Market relaxes on holiday shift; new deals will sound reveille.

Municipals were narrowly mixed in sparse trading after yesterday's abbreviated holiday session.

But market players say the next wave of new issues, some $6.7 billion of which are slated for sale this week, is expected to drive interest rates slightly higher.

The futures markets closed by 1 p.m. eastern standard time in observance of the Columbus Day holiday.

Municipal cash trading was open and activity quiet. It followed the government market, which was open for trading in London.

Treasury prices managed slight gains on renewed anticipation of a Fed ease, even though the market gave up hope for an ease Friday.

Boosting the market, Federal Reserve Board Chairman Alan Greenspan on Saturday during a press conference indicated the presidential election is no a constraint on monetary policy.

The Treasury market took the comment as a positive sign for possible Fed ease.

Government bonds sold off Friday after giving up on the possibility of Fed action until after the election in November.

But the tax-free market was listless, despite the better Treasury market, and prices closed mostly unchanged at the end of last week.

In the debt futures market yesterday, the December municipal contract settled up 3/32, to 95.26.

New-Issue Market

Market players said they expected new issues to be priced with slightly higher yields compared with last week's levels, but a significantly stronger government market could keep rates down.

The presidential debates, meanwhile, appeared to have little impact on the markets with results meeting current expectations.

Some market observers have noted that a Clinton victory would mean short-term volatility in the bond markets, with yields rising overall. They are quick to add, however, that while the market becomes acquainted with any proposed fiscal-stimulus package, the overall dismal economic picture will keep rates low.

On the immediate horizon, the market will grapple with a new wave of supply, and market players called for slightly higher interest rates as a result.

The Bond Buyer calculated 30-day visible supply at $8.7 billion, while The Blue List of dealer inventory fell $24.7 million, to $1.22 billion.

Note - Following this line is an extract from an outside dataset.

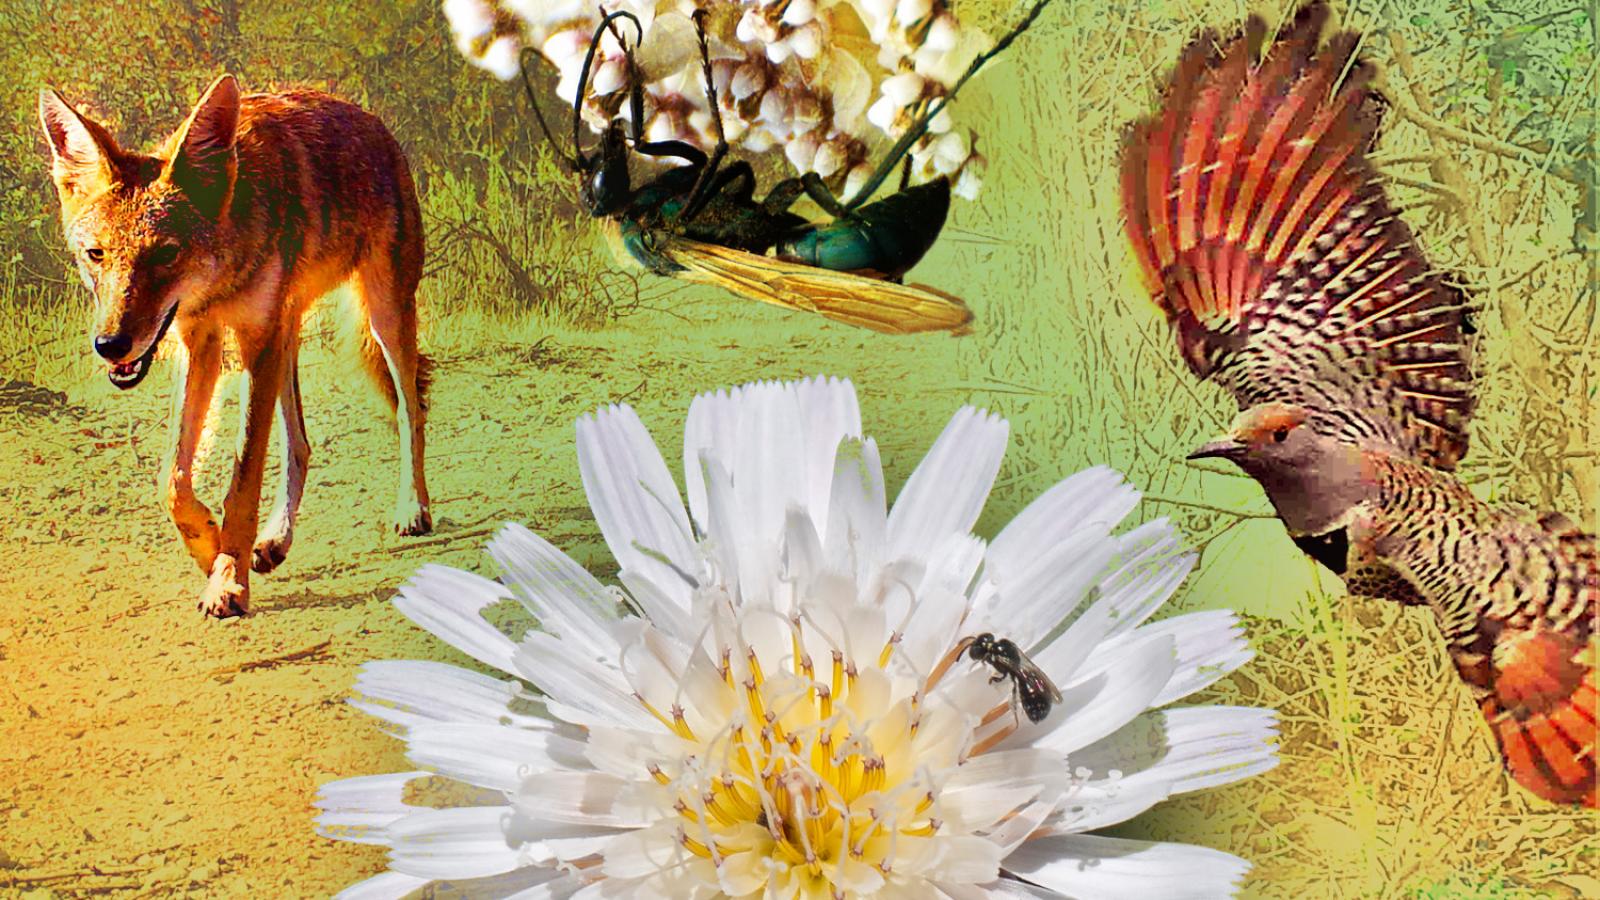 Photo illustration of coyote, insects, flowers, bird at Bernard Field Station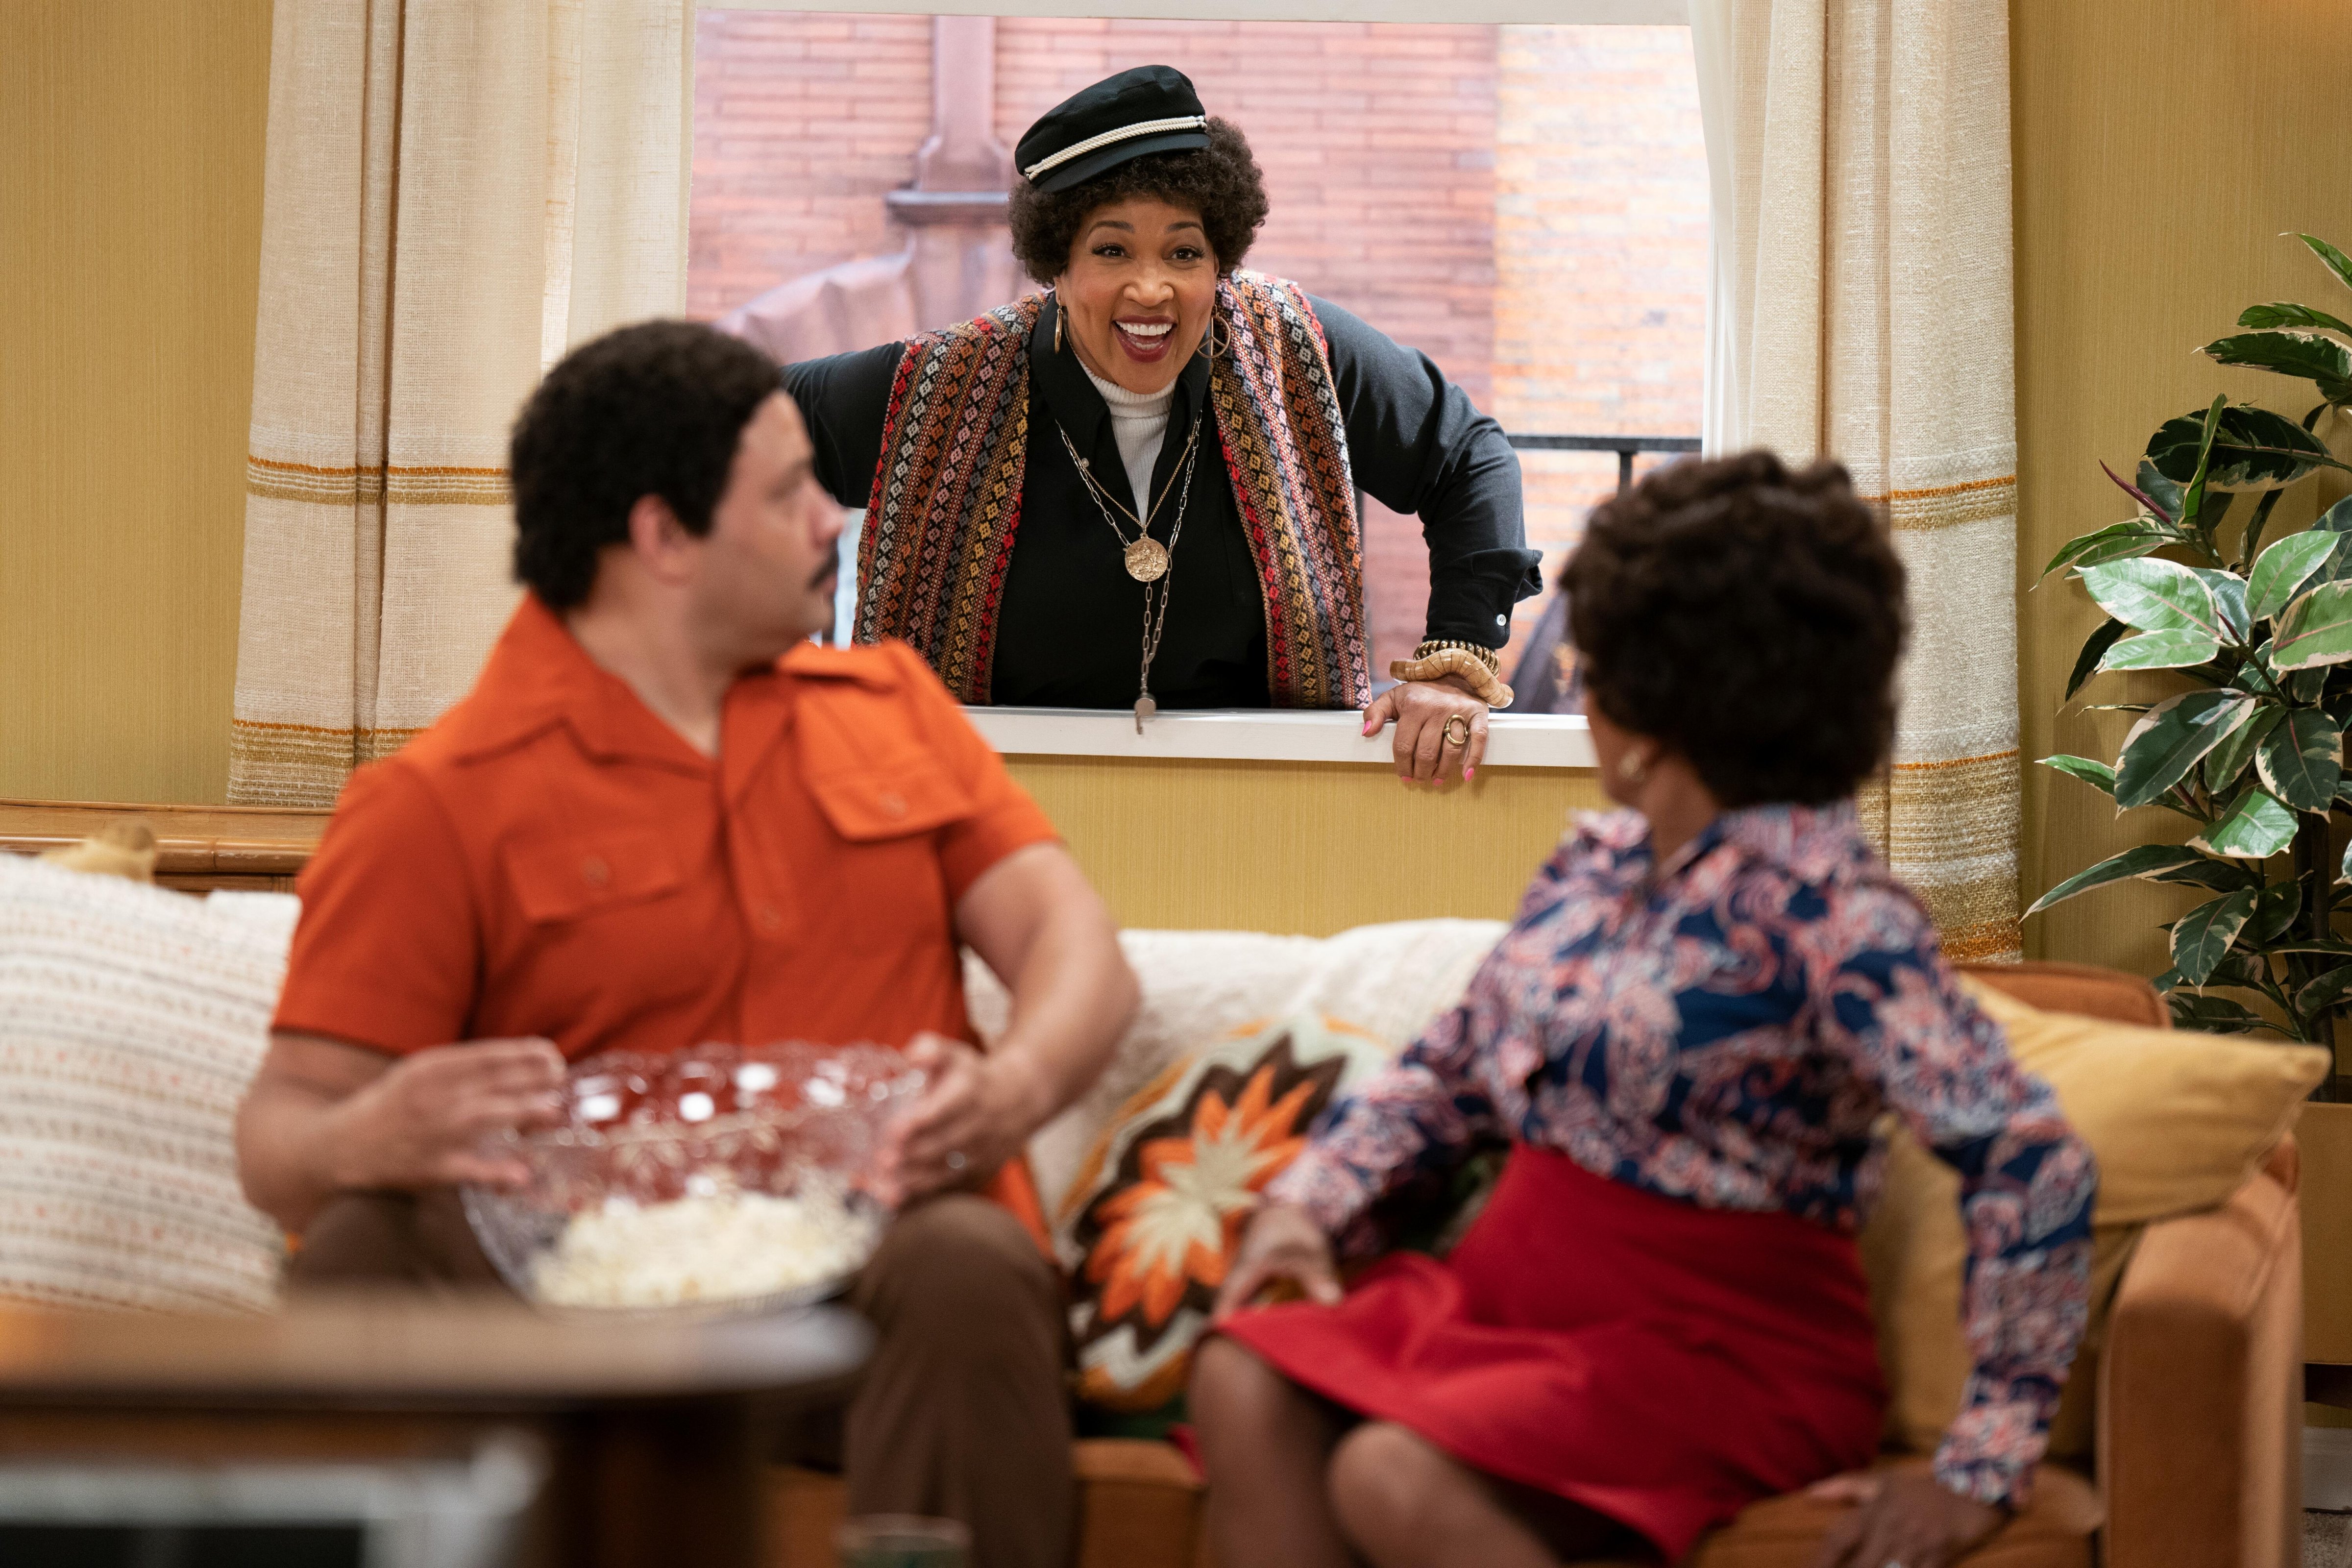 From left: Colton Dunn, Kym Whitley, and Wanda Sykes in <i>History of the World, Part II</i> (Tyler Golden—Hulu)

An issue of $1.3 billion California general obligation bonds, to be sold in the competitive sector tomorrow, will dominate new-issue action.

Market players estimated yesterday that bonds in 2010 and 2011 would yield 6.25%.

The primary sector was quiet yesterday, but in follow-through business, Merrill Lynch & Co. freed $70 million of North Carolina Medical Care Commission hospital revenue bonds from syndicate restrictions.

In trading yesterday, the 6s of 2024 were quoted at 94 1/8-1/2, to yield 6.436% on the bid side. The bonds were originally priced to yield 6.377%.

Sparse Secondary

Secondary trading was extremely light, traders said, although there were some larger block of bonds out for the bid. Among the blocks out for the bid were $7 million of Montgomery, Ala., water and sewer bonds and $5 million of Ohio Water Authority bonds, traders said.

In secondary dollar bond trading, prices were narrowly mixed on the day.

Late in the abbreviated trading session, Los Angeles Department of Water and Power 6s of 2032 were quoted at 94 3/4-95 1/4, to yield 6.364%; Washington Public Power Supply System 6 1/2s of 2015 were quoted at 98 5/8-7/8, to yield 6.617%; and Puerto Rico GO 6s of 2014 were quoted at 94 7/8-95 1/4, to yield 6.441%.

New York City Water Authority 6s of 2017 were quoted at 92 1/4-3/8, to yield 6.642%; Denver Airport AMT 6 3/4s of 2022 were quoted at 95 1/2-3/4, to yield 7.115%; and Florida Board of Education 6s of 2025 were quoted at 94 3/4-bid, to yield 6.384%.

Short-term note yields were unchanged to five basis points lower, traders said.

In late action, notes of Los Angeles, New Jersey, Pennsylvania, Texas, and Wisconsin were quoted at 2.73% bid, 2.65% offered.

New York State Trans were quoted at 2.65% bid, 2.60% offered; and January California notes were quoted at 2.87% bid, 2.85% offered.